Like many things - such as the brigades of soldiers who are supposedly screaming for 1911s and M14s - I suspect the ka-Boom problem is bigger on the Internet than it is in real life. If this were some widespread epidemic, Glock would fix it for liability reasons alone. Anyway, ka-Booms with 9mms are virtually unheard of, though perhaps not totally nonexistent, which is yet another reason to choose 9mm over .40.


----------



## submoa (Dec 16, 2007)

Mike Barham said:


> Anyway, ka-Booms with 9mms are virtually unheard of, though perhaps not totally nonexistent, which is yet another reason to choose 9mm over .40.

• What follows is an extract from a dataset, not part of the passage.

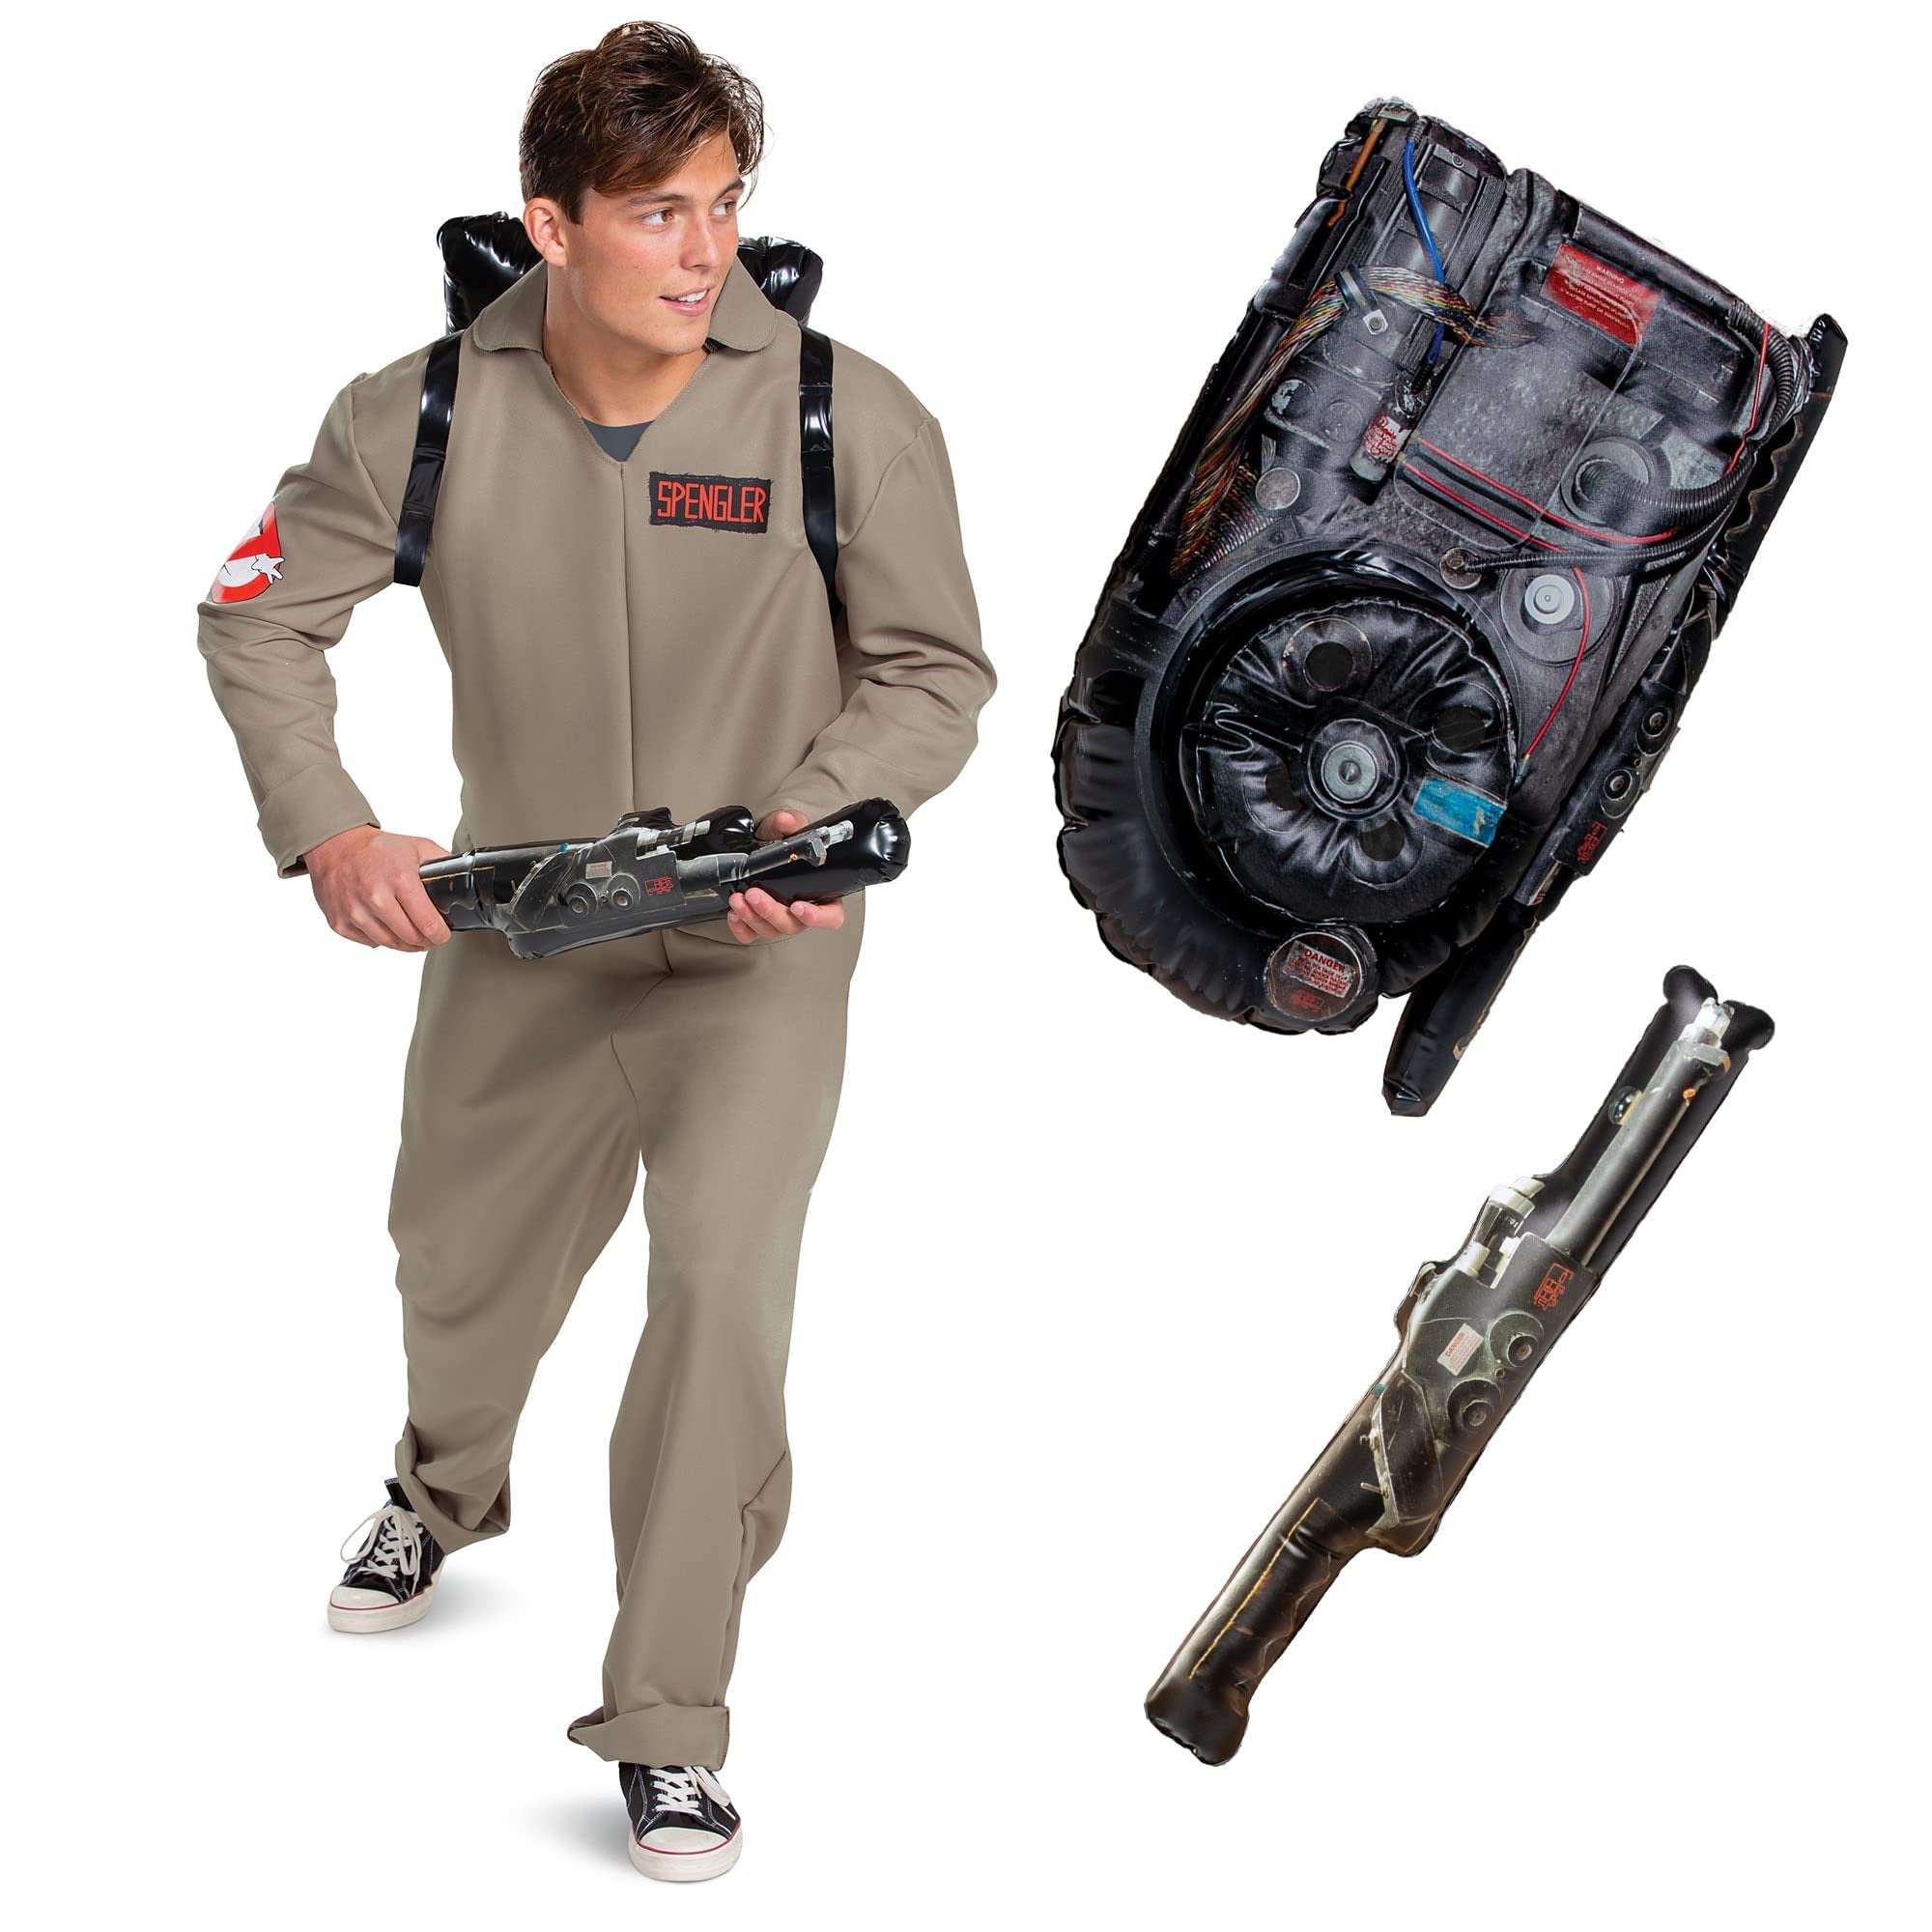 Disguise Adults, Official Ghostbusters Afterlife Movie Costume Jumpsuit with Inflatable Proton Pack, Multicolored, Medium (38-40)

Don't forget that the chamber walls are almost twice as thick on the 9mm so it is stronger too. It is surely possible to kB! a 9 X 19mm&#8230; but you gotta try harder.



Todd Louis Green said:


> At the 2S&W IDPA Winter Championship this past Saturday (28 February2004 ) I personally saw a Glock Model 34 with its barrel split top from bottom all the way through the breech. The kB! occurred in front of many witnesses. The shooter was using factory PMC practice ammo.
> 
> I had my Canon D10 with me but felt it would have appeared unprofessional to ask for some photos or try to get contact info for the owner.
> 
> Anyway, that's the first 9 x 19mm Glock kB! I've ever seen, and with factory ammo no less!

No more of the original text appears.